Now it seems my role is to get out of the way when he's being creative and to constantly remind him of things he's forgotten. Well not actually forgotten. It's just less effort for him to retrieve stuff from my brain than from his.

"So what's this all about again?" he calls, seemingly satisfied with his one-handed photography.

"I told you five minutes ago," I say, pulling myself off the tree and wandering across the sand. "We're looking for images to illustrate a lovely poem about James Clerk Maxwell."

"Who?"  he says.

"Exactly!" I say. "Only one of the greatest physicists who ever lived. And he belonged to Scotland. But nobody here knows anything about him. It's a disgrace."

"Calm down," he says. "You're getting the dogs excited. What did this guy do?"

"Unified electricity and magnetism. Proved light was electromagnetic radiation. Gave us field theory, which underpins all modern physics. Made the theoretical breakthroughs that led directly to relativity."
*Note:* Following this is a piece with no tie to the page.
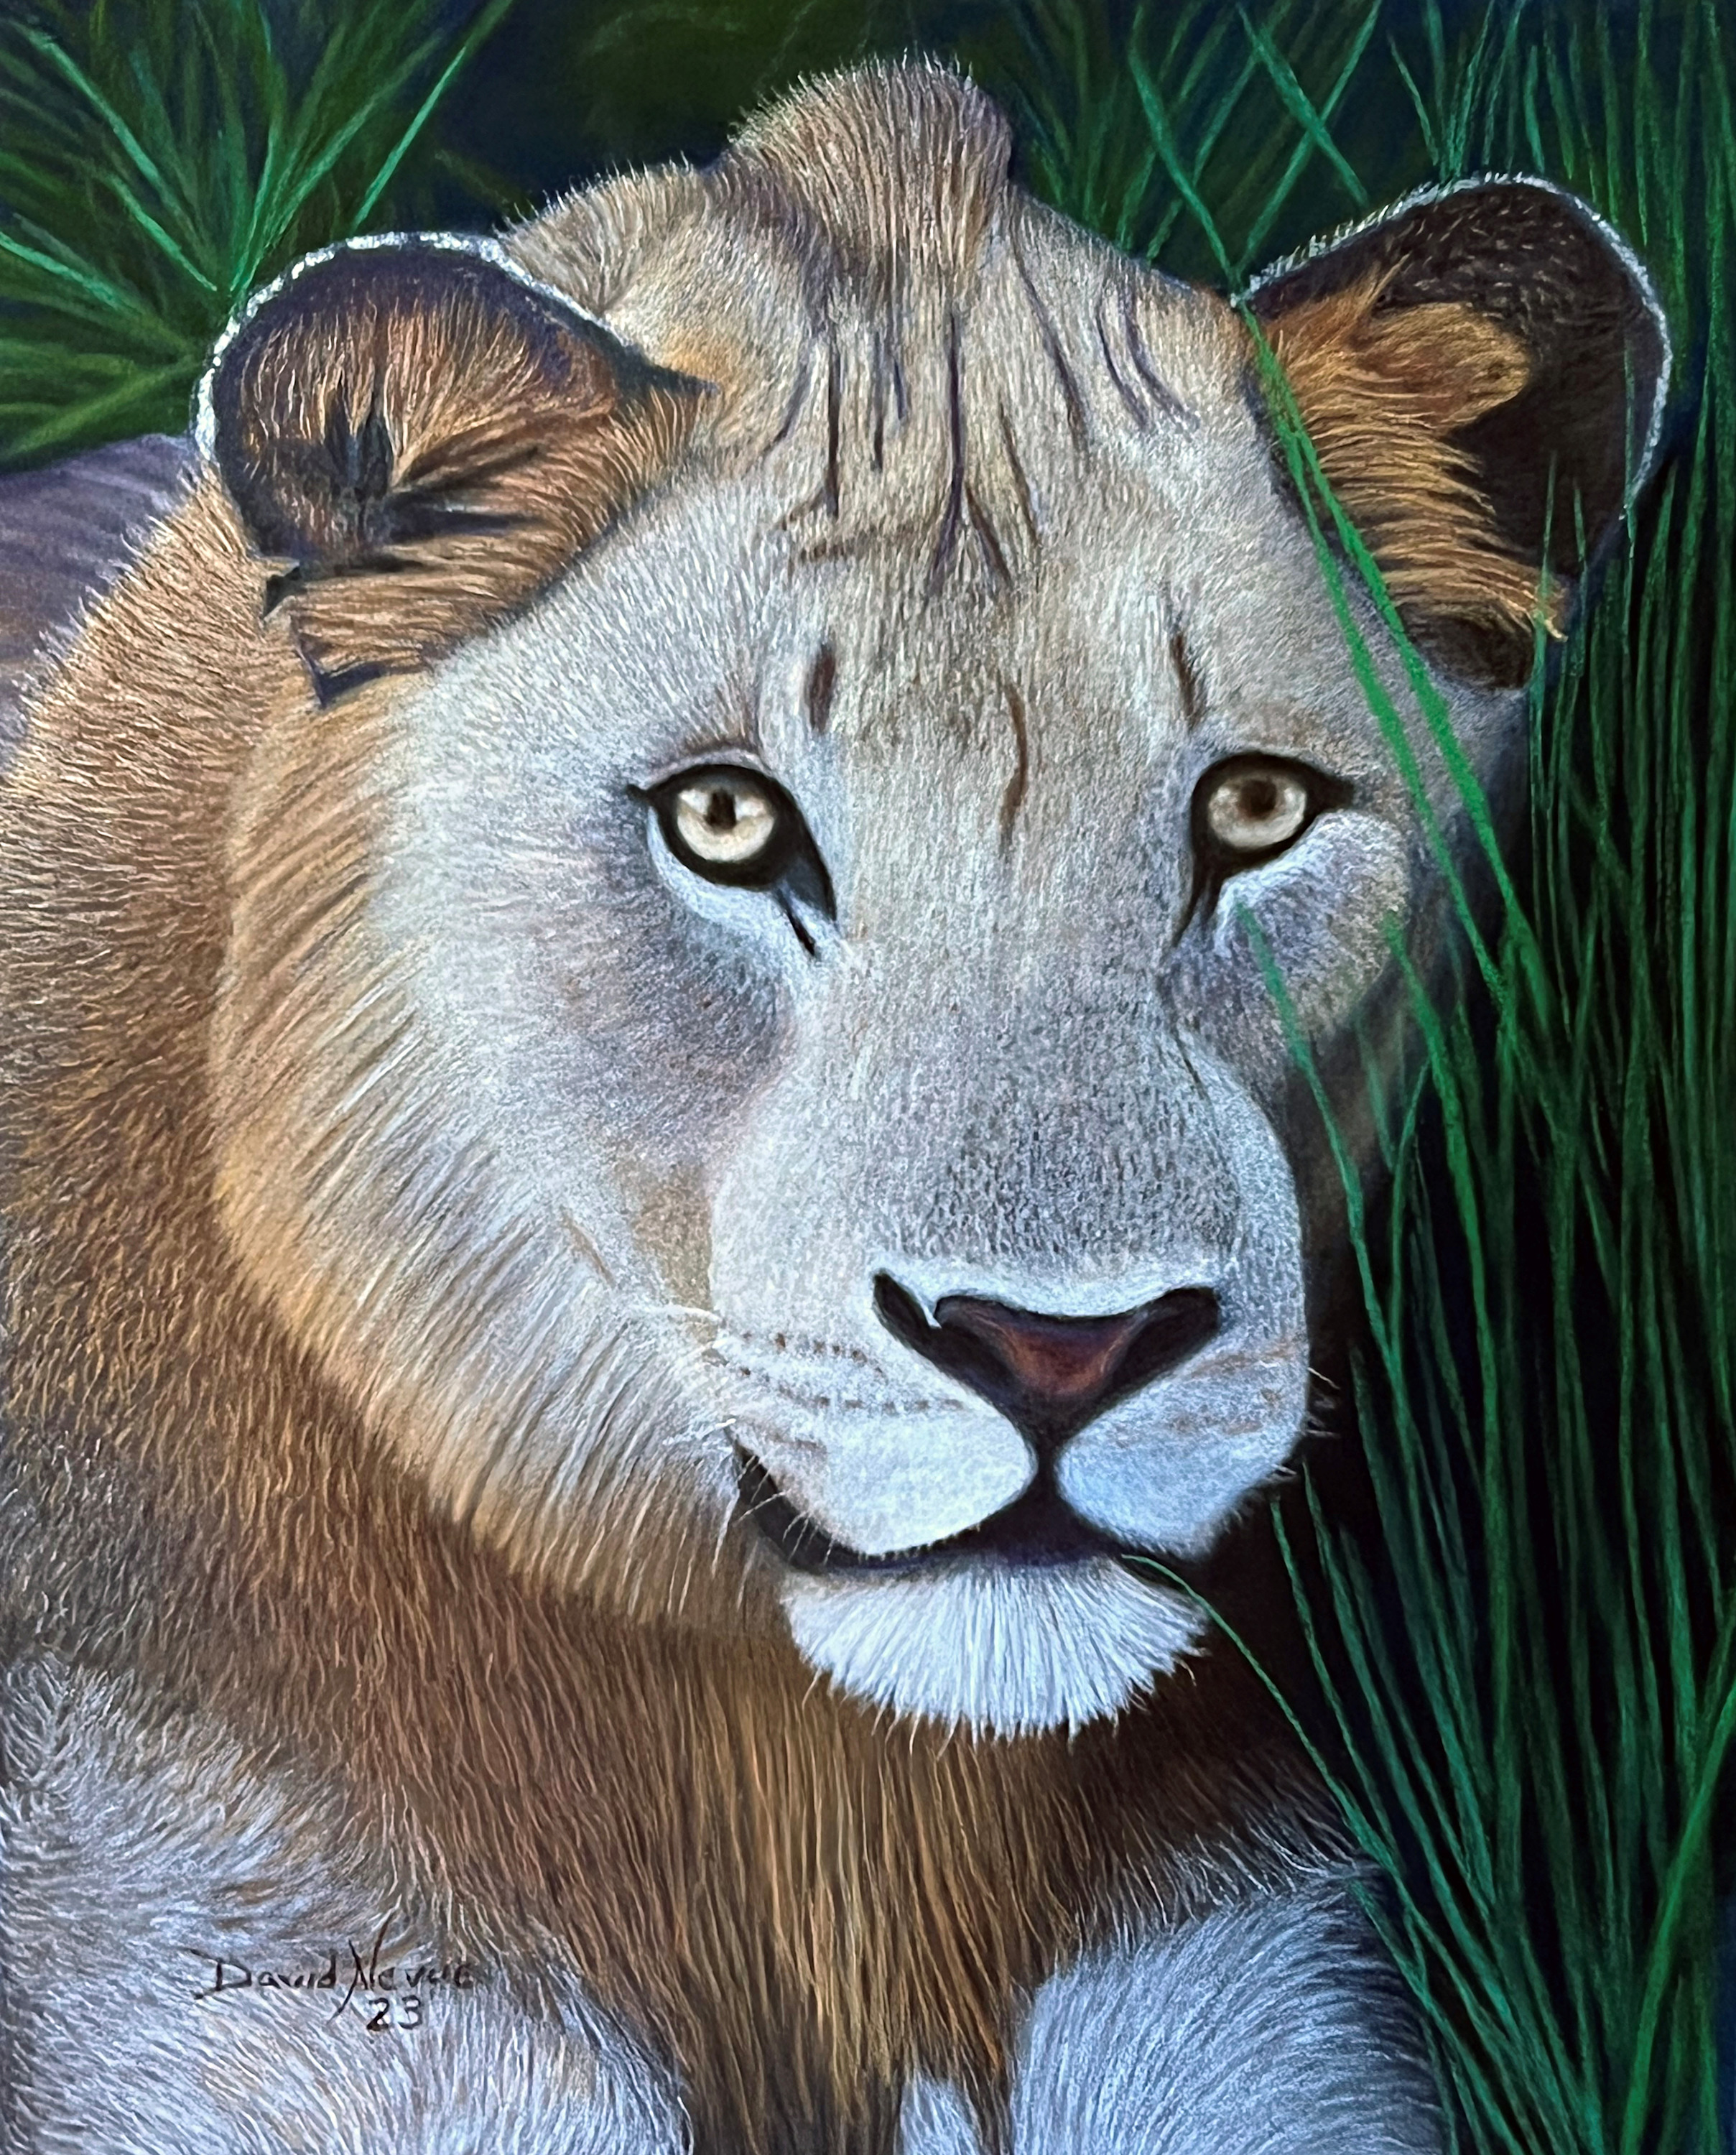 Dave nevue   king of the jungle lion art   8 x 10  900xs jzalfl

"Sounds quite a guy," he says. 

"He was," I say. "Einstein had a photo of him on his study wall. So our plan is to run a bunch of events and activities that will raise the profile of James Clerk Maxwell, until he's as well-loved as Robert Burns."

He studies me sceptically, while packing his camera in its hold-all and slinging it over his shoulder. "Lemme get this right," he says.

"On the one hand there's this handsome country boy who wrote wonderful love songs and broke women's hearts. On the other you've a bearded Victorian gent who invented electromagnetic field theory?"

"That's it," I say.

"And you want ordinary punters to be as crazy about both?"

"Yeah," I say. "What do you think?"

"I think you've as much chance of winning the women's shot put at the next Olympics," he says, striding off along the sandbank.